The young couple initially settled at Plön Castle in the Duchy of Holstein. It was here, that Charlotte Frederica gave birth to their first-born son, Prince Christian Frederick, who was born and died on 8 April 1807. From 1808 the couple lived in Copenhagen, where they took residence at Levetzau's Palace, an 18th-century town house which forms part of the Amalienborg Palace complex in the district Frederiksstaden in central Copenhagen. As their country residence they used Sorgenfri Palace, located on the shores of the small river Mølleåen in Kongens Lyngby north of Copenhagen.

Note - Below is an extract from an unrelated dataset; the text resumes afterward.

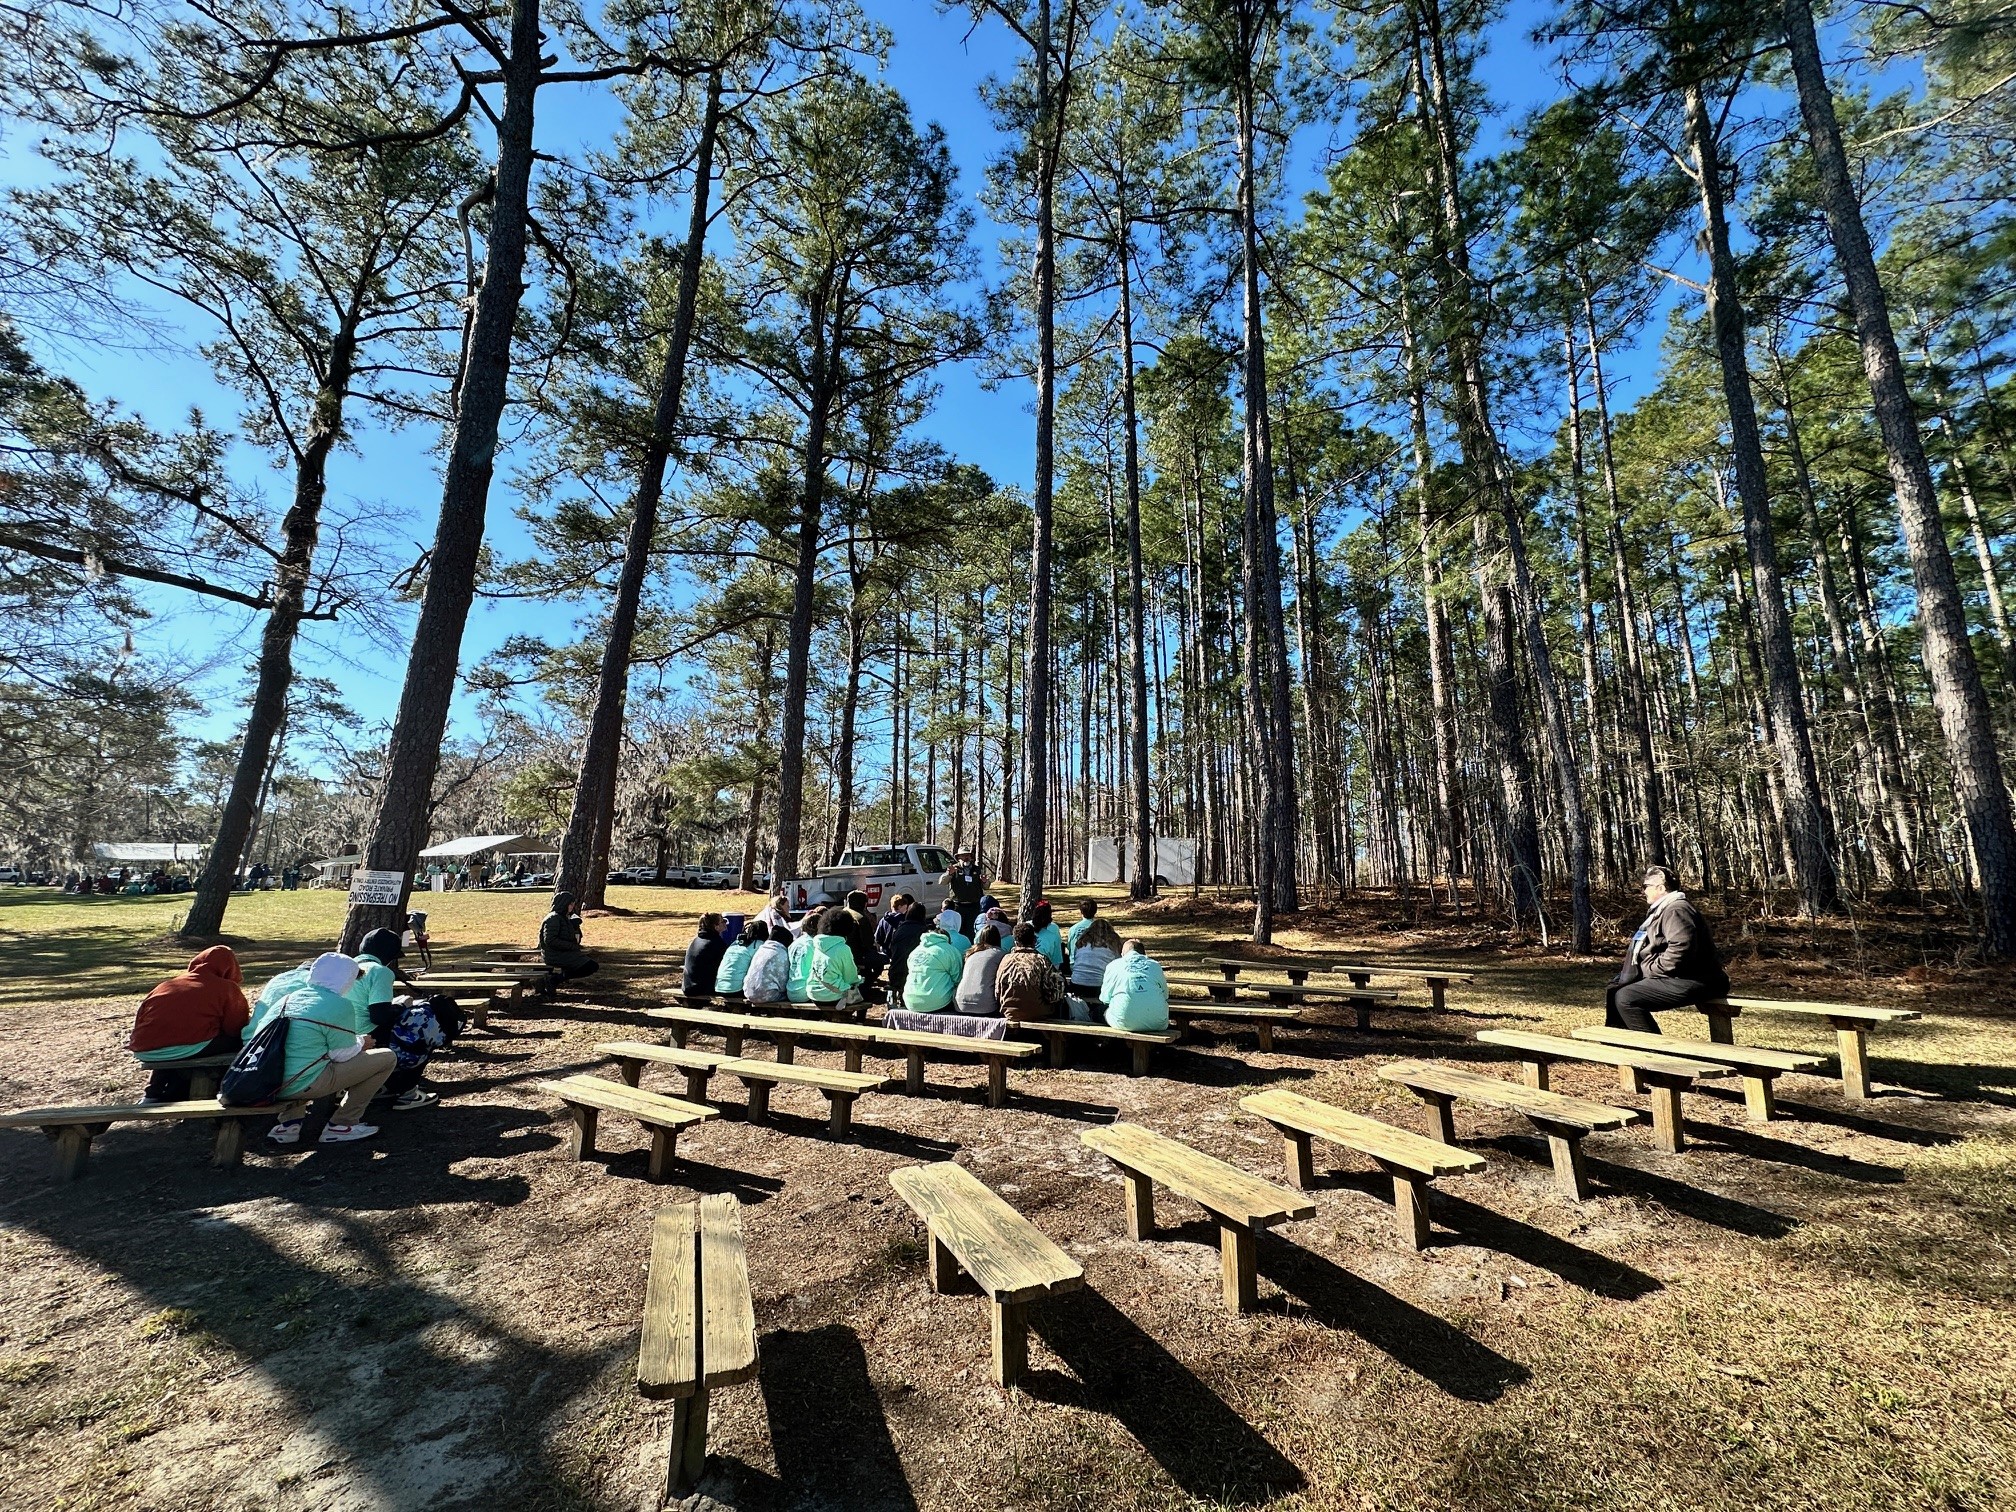 Image of groups of people learning about environmental science during the Envirothon. Benches are lining an area surrounded by trees with groups of poeple wearing turquoise shirts gathered together.

Nonetheless, their married life was problematic. Princess Charlotte Frederica was very preoccupied with the ideas that originated in the French Revolution and embraced the idea of individual freedom at a time of absolutism's assertion of hierarchical society. Her character was thought to be capricious, frivolous and mythomaniac. The lifestyle at court was rigid and traditional, and it did not suit her as she was used to a freer lifestyle from home and did her best to change that. One winter evening during a party that presumably bored her, she let the servants bring up snow and set about throwing snowballs.

She was wasteful and constantly in want of money despite an ample apanage, forcing her husband to step in. If he protested, she overpowered him in front of the servants. Prince Christian Frederick also often had to apologize to the Crown Prince Regent for his wife's behavior. In a letter, he writes that he has had a serious conversation with her and that she has "realized her mistakes and promised improvement and that with a sincere heart, I am convinced of that."

On 6 October 1808, Charlotte Frederica gave birth to their second son and only surviving child, Prince Frederick Carl Christian, the future King Frederick VII of Denmark, who was called Fritz by his mother throughout his life. Her joy at motherhood was great, but did not change her behavior.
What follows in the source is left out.